> **Recorded information**
* * *

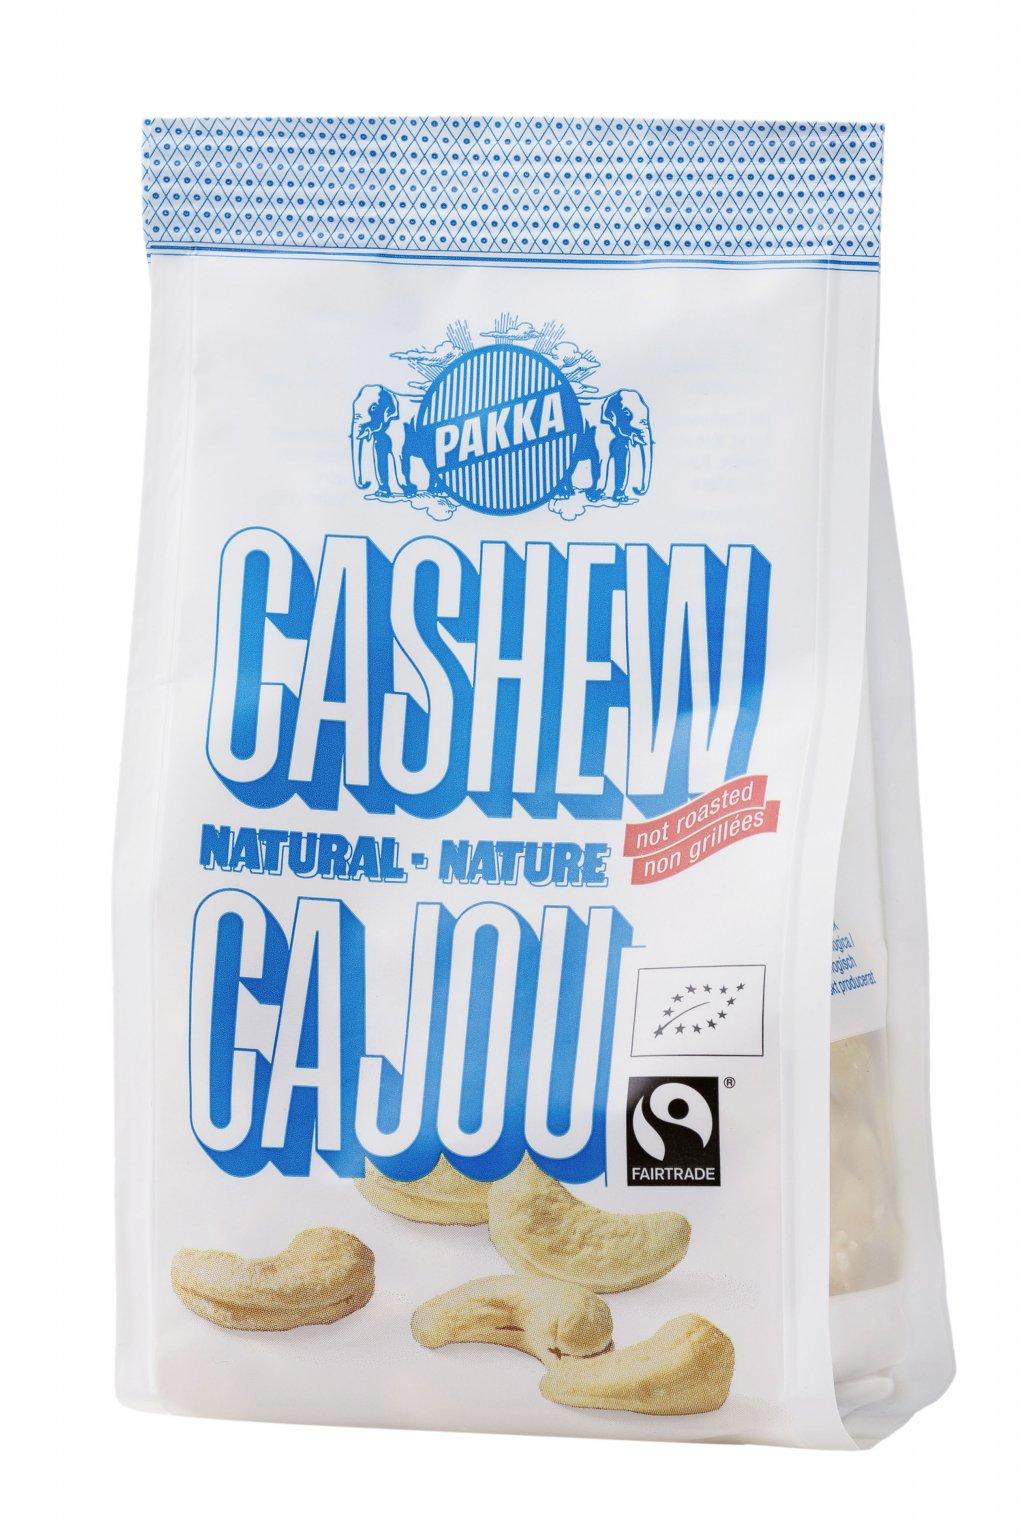 101704 Pakka Cashew nature 120g
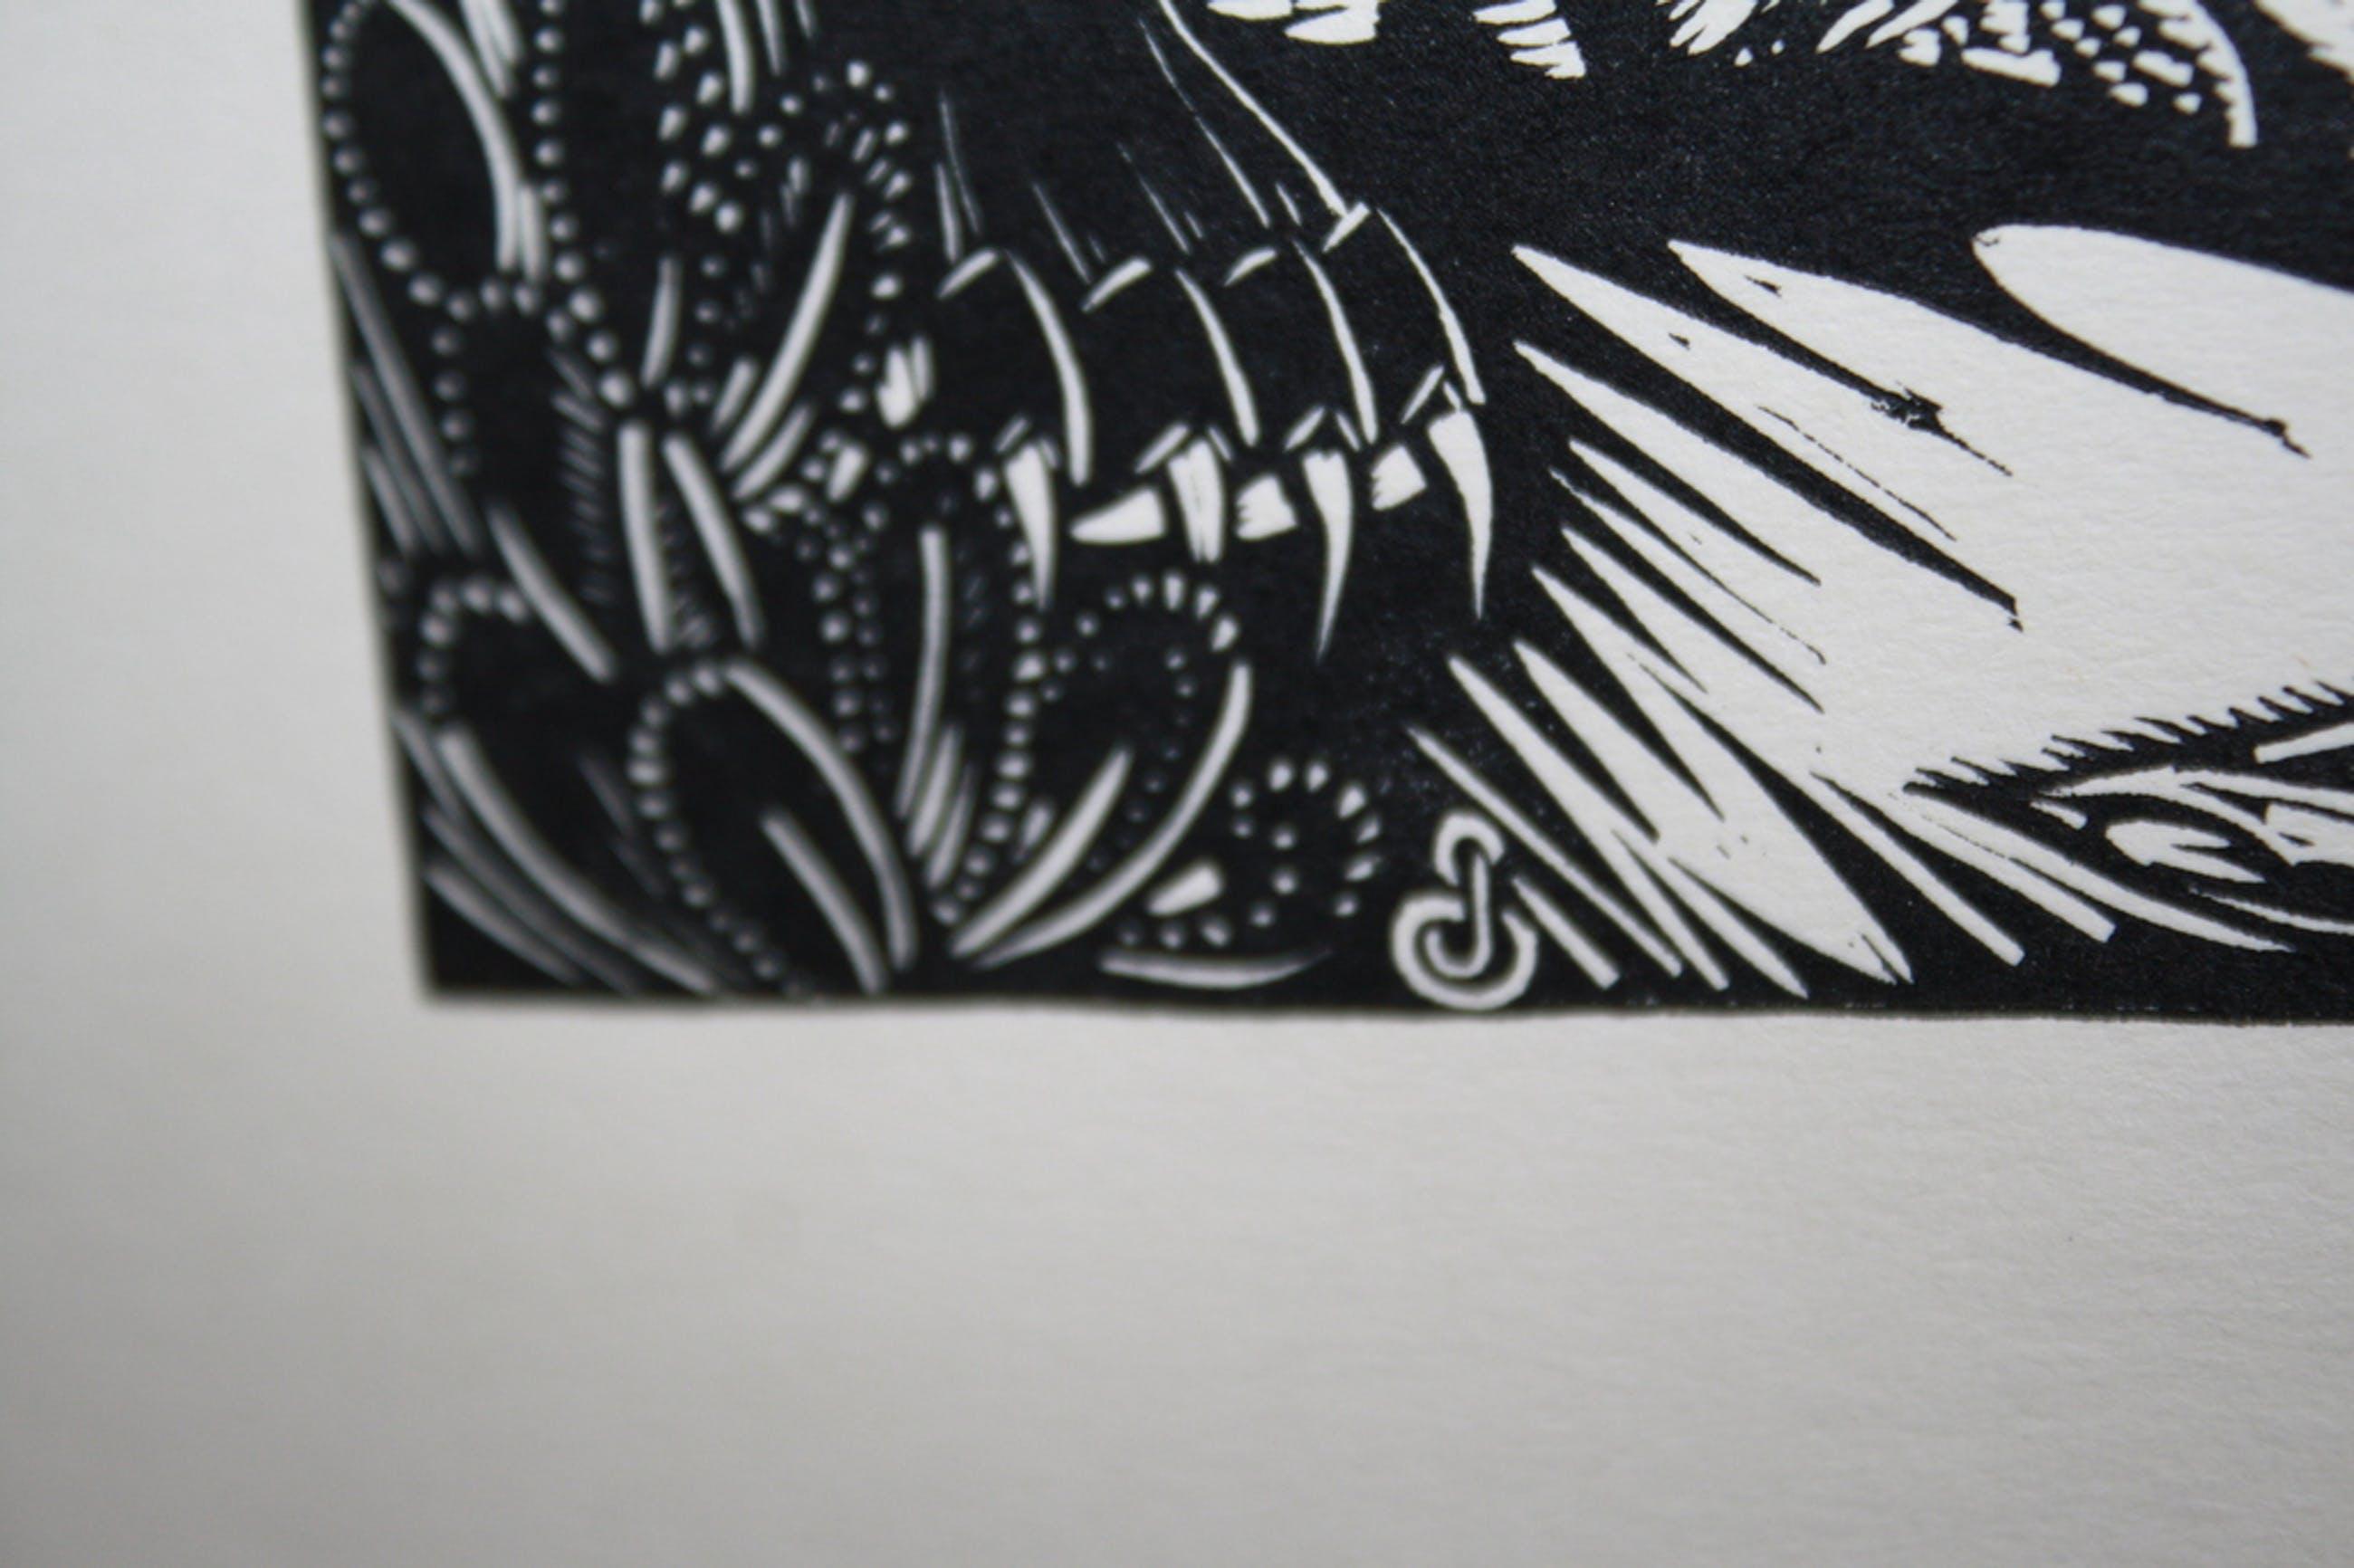 JAN SCHONK - ART DECO HOUTSNEDE 1926 -  LEEUW EN TIJGER kopen? Bied vanaf 40!
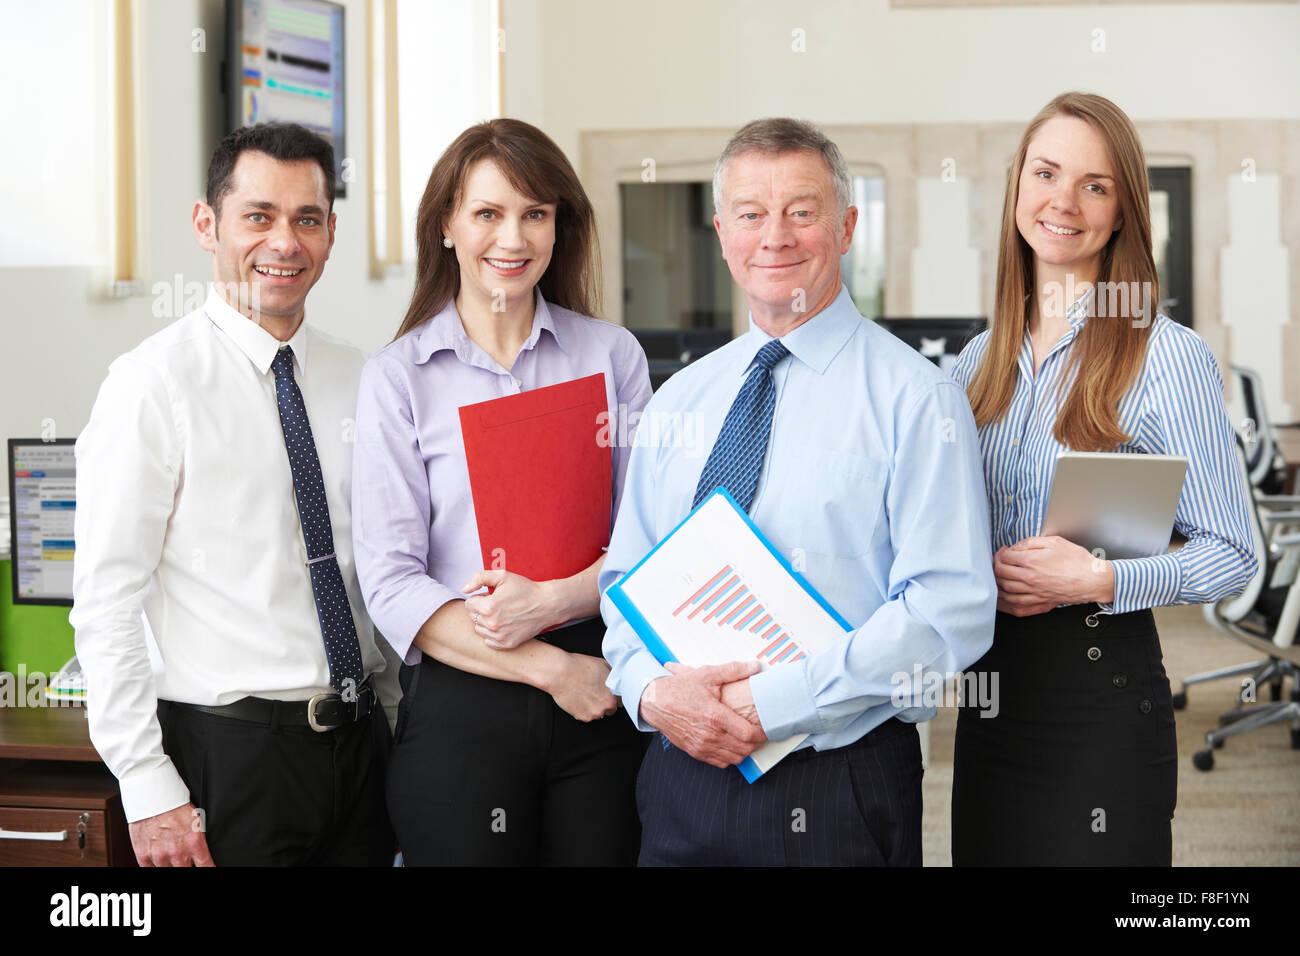 Retrato de equipo comercial en oficina moderna Imagen De Stock

* * *

> **Exercise goal**
Give the data again exactly as it appears, but without any images.

> **Expected answer**
 101704 Pakka Cashew nature 120g
 JAN SCHONK - ART DECO HOUTSNEDE 1926 -  LEEUW EN TIJGER kopen? Bied vanaf 40!
 Retrato de equipo comercial en oficina moderna Imagen De Stock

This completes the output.